MetaDIA: A DDA-free Database Reduction Strategy for DIA Human Gut Metaproteomics
Haonan Duan1,2, Zhibin Ning2, Zhongzhi Sun2
1Nanjing Women and Children's Healthcare Hospital, Women's Hospital of Nanjing Medical University, Nanjing 210004, China.
Genomics, Proteomics & Bioinformatics
|April 5, 2026
Summary
This study introduces MetaDIA, a new method for analyzing gut microbiome data. MetaDIA improves the speed and accuracy of identifying peptides in metaproteomics by reducing the search space.
Area of Science:
- Microbiology
- Metaproteomics
- Bioinformatics
Background:
- Gut microbiomes are complex, posing challenges for peptide identification in metaproteomics.
- Current data-independent acquisition (DIA) analysis relies on data-dependent acquisition (DDA) libraries, which are resource-intensive and limiting.
Purpose of the Study:
- To develop a novel strategy for reducing the search space in metaproteomics.

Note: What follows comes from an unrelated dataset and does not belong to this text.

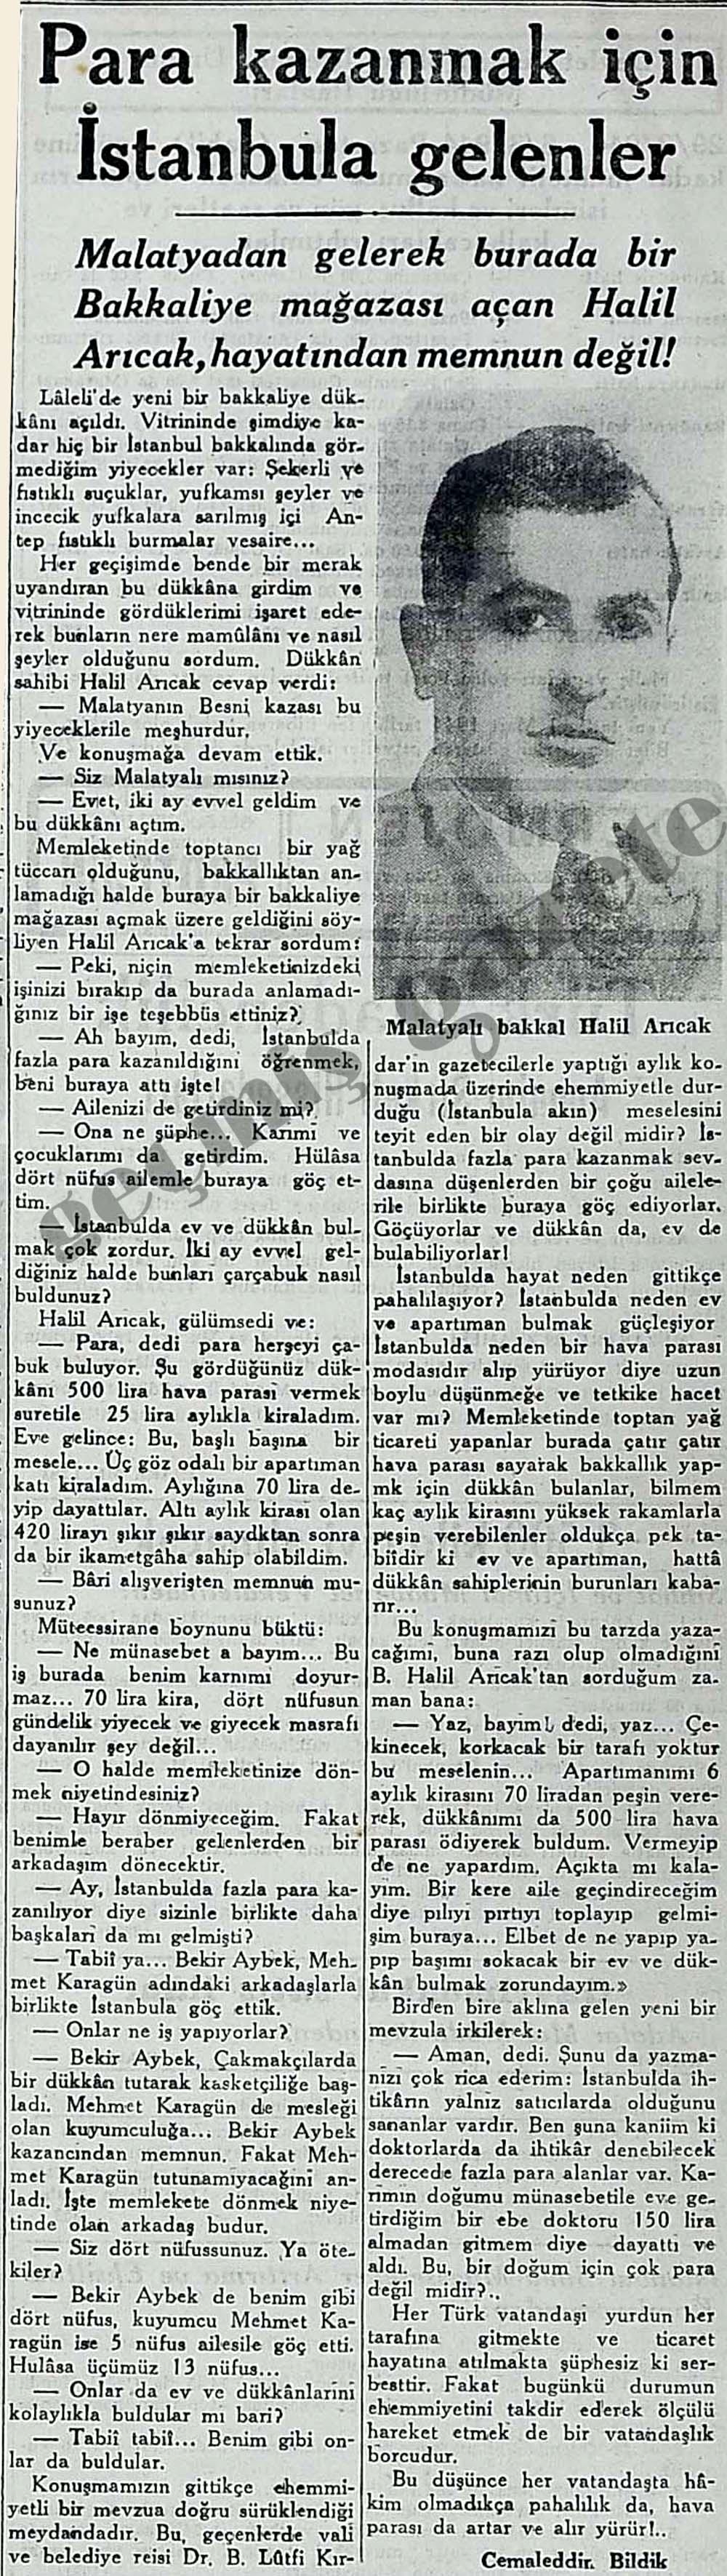 Para kazanmak için İstanbula gelenler
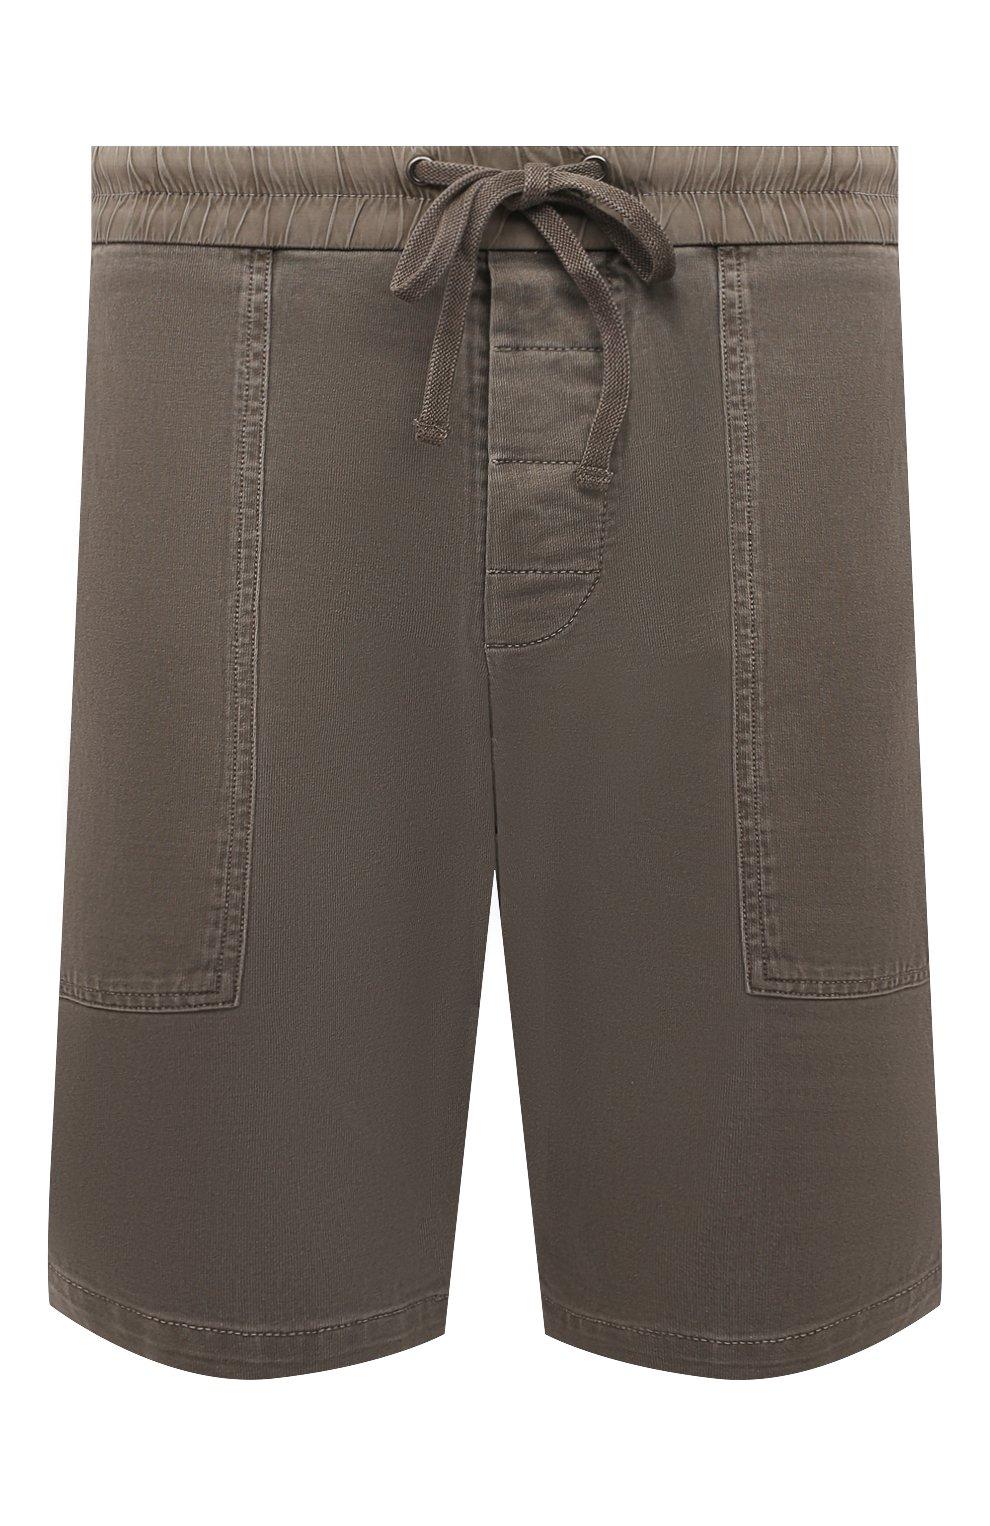 Мужские хлопковые шорты JAMES PERSE хаки цвета, арт. MNW4197 | Фото 1 (Мужское Кросс-КТ: Шорты-одежда; Длина Шорты М: До колена; Принт: Без принта; Материал внешний: Хлопок; Стили: Кэжуэл)

- To create an efficient workflow for analyzing DIA microbiome data without DDA assistance.
Main Methods:
- Utilized species and functional abundance information to score and prioritize peptides.
- Developed the MetaDIA workflow for DIA metaproteomics data analysis.
- Created a reduced, sufficient database for DIA data searching.
Main Results:
- MetaDIA successfully reduced the search space for metaproteomics.
- The workflow demonstrated strong consistency with traditional DDA-based library approaches.
- Achieved comparable protein and functional level identifications.
Conclusions:
- MetaDIA offers an efficient, DDA-independent approach for metaproteomics.
- This method enhances the application of DIA in microbiome research.
- MetaDIA is available as an open-source project.